Is Your Terragrunt Truly DRY? A Smarter Approach to Infrastructure Management

Infrastructure as code, most commonly implemented by Terraform, is the most common way of managing modern cloud environments. But let’s face it: as your infrastructure grows, so does its complexity. When you’re juggling multiple environments and modules, keeping your Terraform or OpenTofu code clean, consistent, and manageable often feels like an impossible balancing act. This is where Terragrunt comes in. It is a thin wrapper above Terraform meant to help make your infrastructure DRY (Don’t Repeat Yourself) and maintainable. But here’s the catch—does it really? While Terragrunt boldly promises to eliminate redundancy and streamline your codebase, many users find themselves falling back into the familiar pattern of copy-pasting, with folders multiplying as more and more environments are added and configurations quietly drifting apart. So, is Terragrunt as “DRY” as it claims to be?

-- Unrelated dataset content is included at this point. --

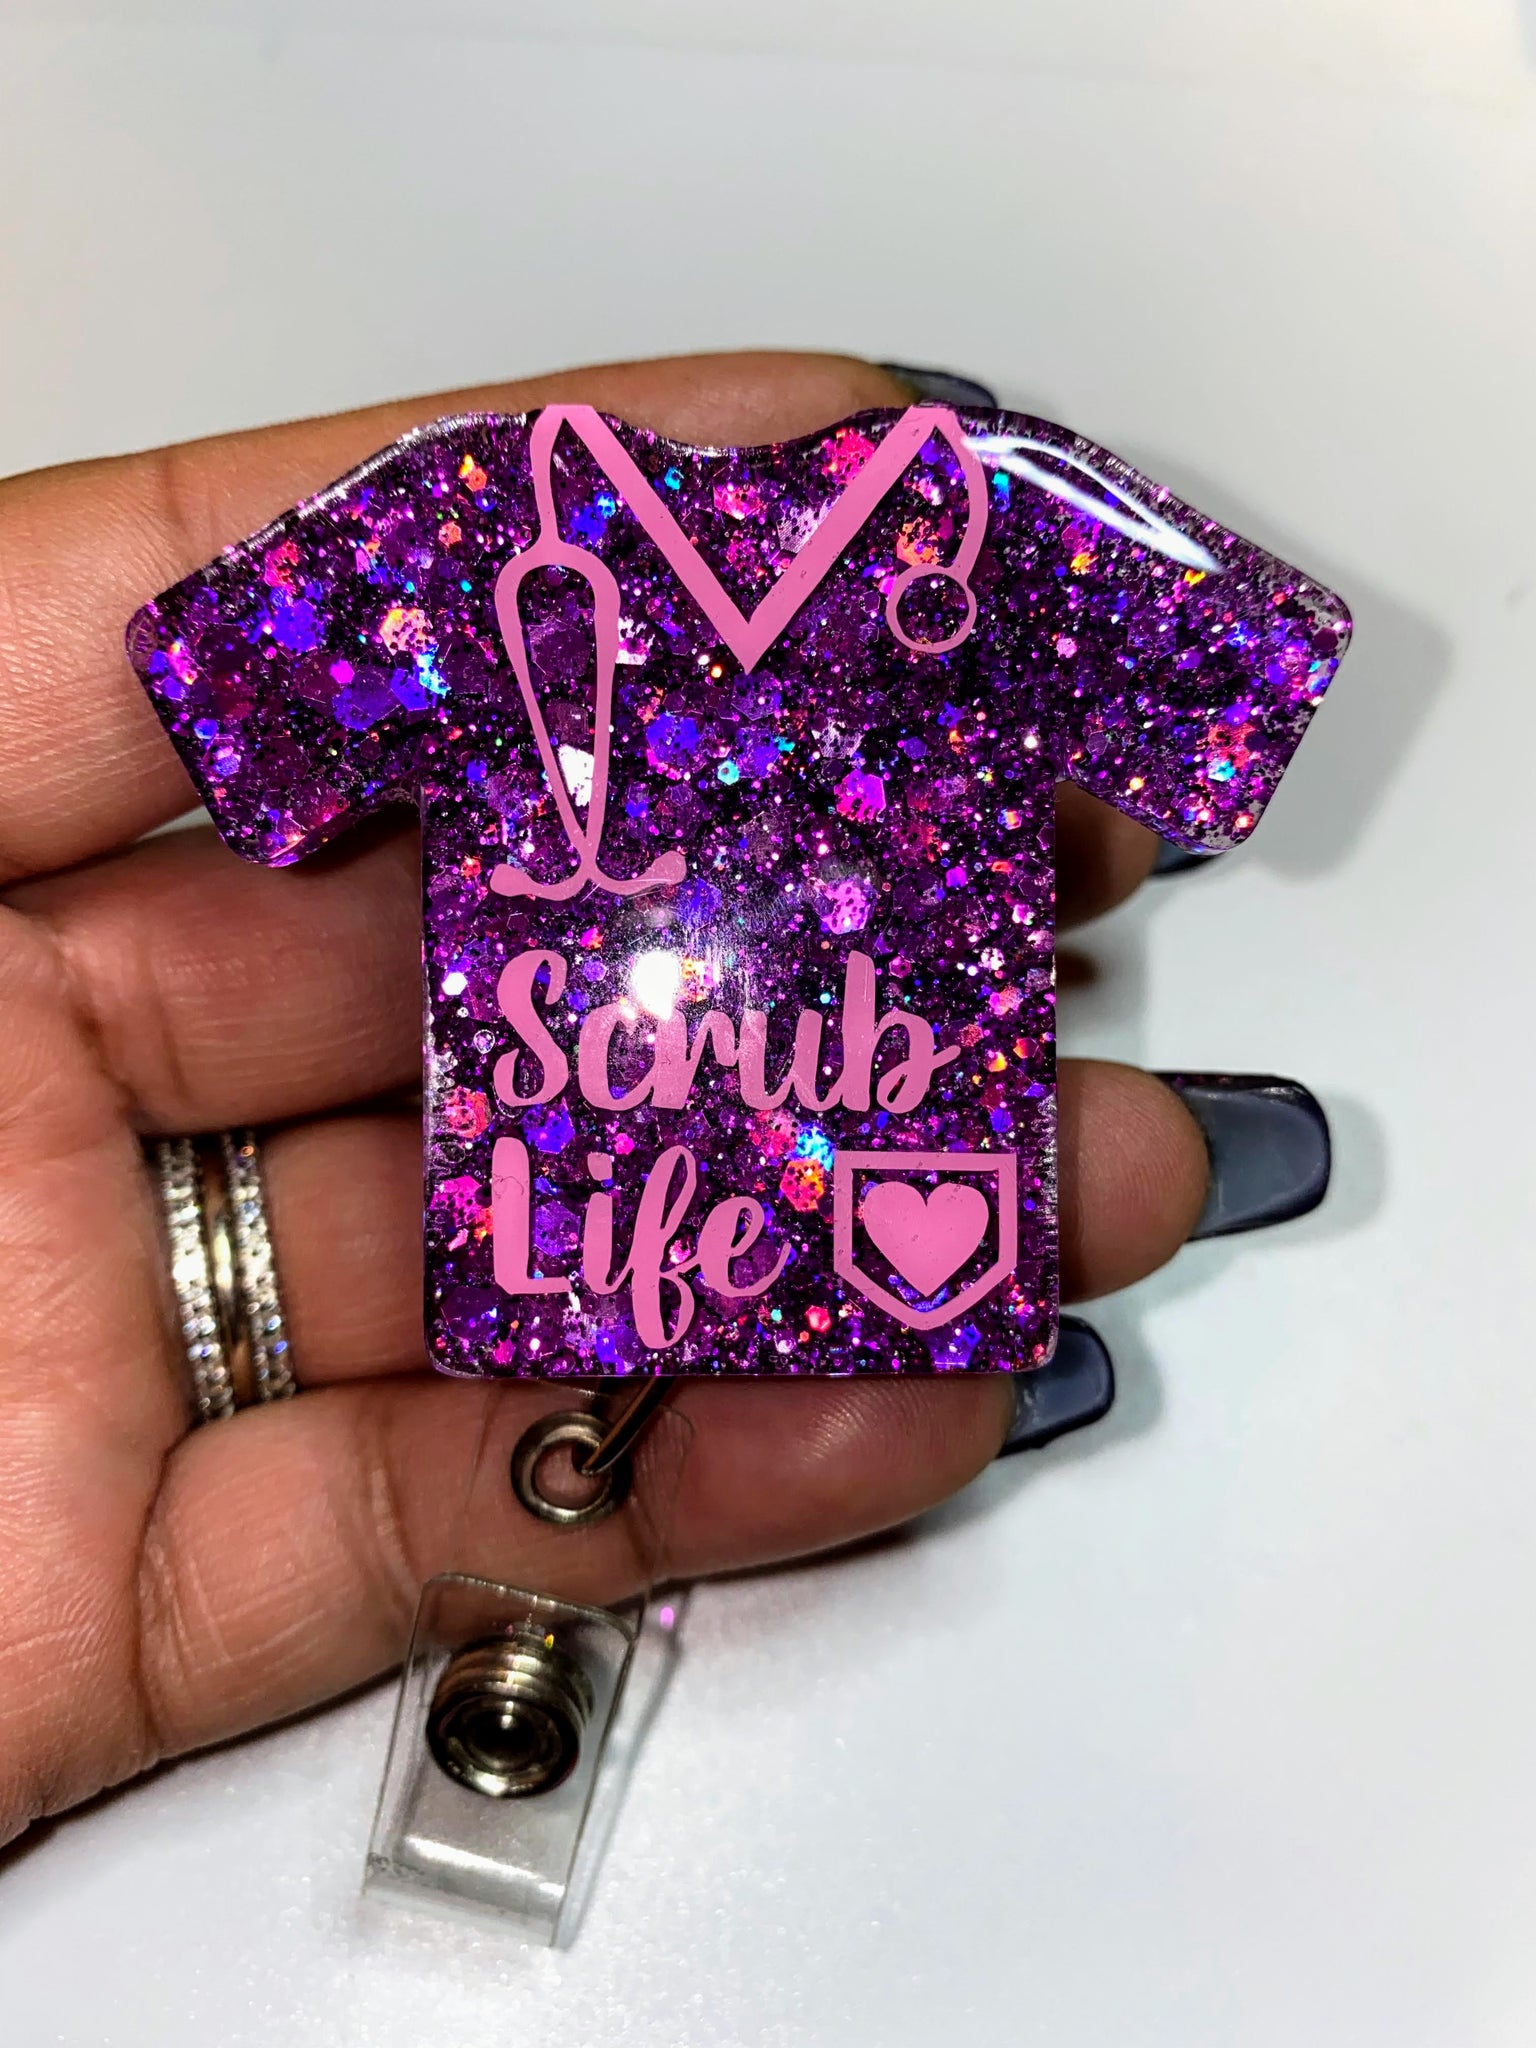 Scrub Life Badge Reel - Enchantments by Lupita

In this article, we’ll dig into the common pitfalls of a typical Terragrunt project setup, challenge its weaknesses, and explore a smarter, more scalable architecture. Throughout, we’ll demonstrate key points using example code. You can access the full code examples here. Let’s start by looking at a common structure for a Terragrunt project:


.
├── envs
│   ├── _envcommon
│   │   ├── ec2.hcl
│   │   └── vpc.hcl
│   ├── dev
│   │   ├── ec2
│   │   │   └── terragrunt.hcl
│   │   ├── vpc
│   │   │    └── terragrunt.hcl
│   │   └── env.hcl     
│   ├── staging
│   │   ├── ec2
│   │   │   └── terragrunt.hcl
│   │   ├── vpc
│   │   │    └── terragrunt.hcl
│   │   └── env.hcl
│   └── prod
│       ├── ec2
│       │   └── terragrunt.hcl
│       ├── vpc
│       │    └── terragrunt.hcl
│       └── env.hcl
├── modules
│   ├── ec2
│   │   └── main.tf
│   └── vpc
│       └── main.tf
└── root.hcl

What are the weak points of this architecture?

1. Too Many Folders and Files
  Each environment requires its own folder with sub-folders for every stack component. While manageable for small setups, this structure quickly becomes bulky and hard to navigate as the number of environments and components grows.
2. Duplicated terragrunt.hcl Files
  Even with a shared root.hcl, each component still needs its own terragrunt.hcl. This violates the DRY principle and increases maintenance, leading to inevitable configuration drift as changes are not made to all files.
3. Scattered Input Variables
  Input variables are spread across multiple files like env.hcl, _envcommon.hcl, and terragrunt.hcl. Inconsistent definitions using inputs or local blocks make tracking inputs or comparing configurations between environments difficult.
4. Limited Flexibility for Shared Variables
  There’s no easy way to define variables for subsets of environments. You’re limited to global or environment-specific variables, making it hard to manage shared inputs for all non-prod or dev environments.

So, the solution we are looking for is a cleaner architecture that reduces clutter, eliminates duplication, and simplifies variable management across environments while staying true to the DRY principle. Let’s see how to achieve it.

Let’s begin.

As a first step, instead of a folder for each env, we will create a global template that will be used for all envs. A bit like a terraform module, we want one Terragrunt folder that can be referenced multiple times to create different environments. That way, adding a new env will be very simple – just use the existing template! No need to copy-past. And when you want to change or add something to the terragrunt.hcl, You only need to do it in this one file. No need to go into each environment’s terragrunt.hcl separately.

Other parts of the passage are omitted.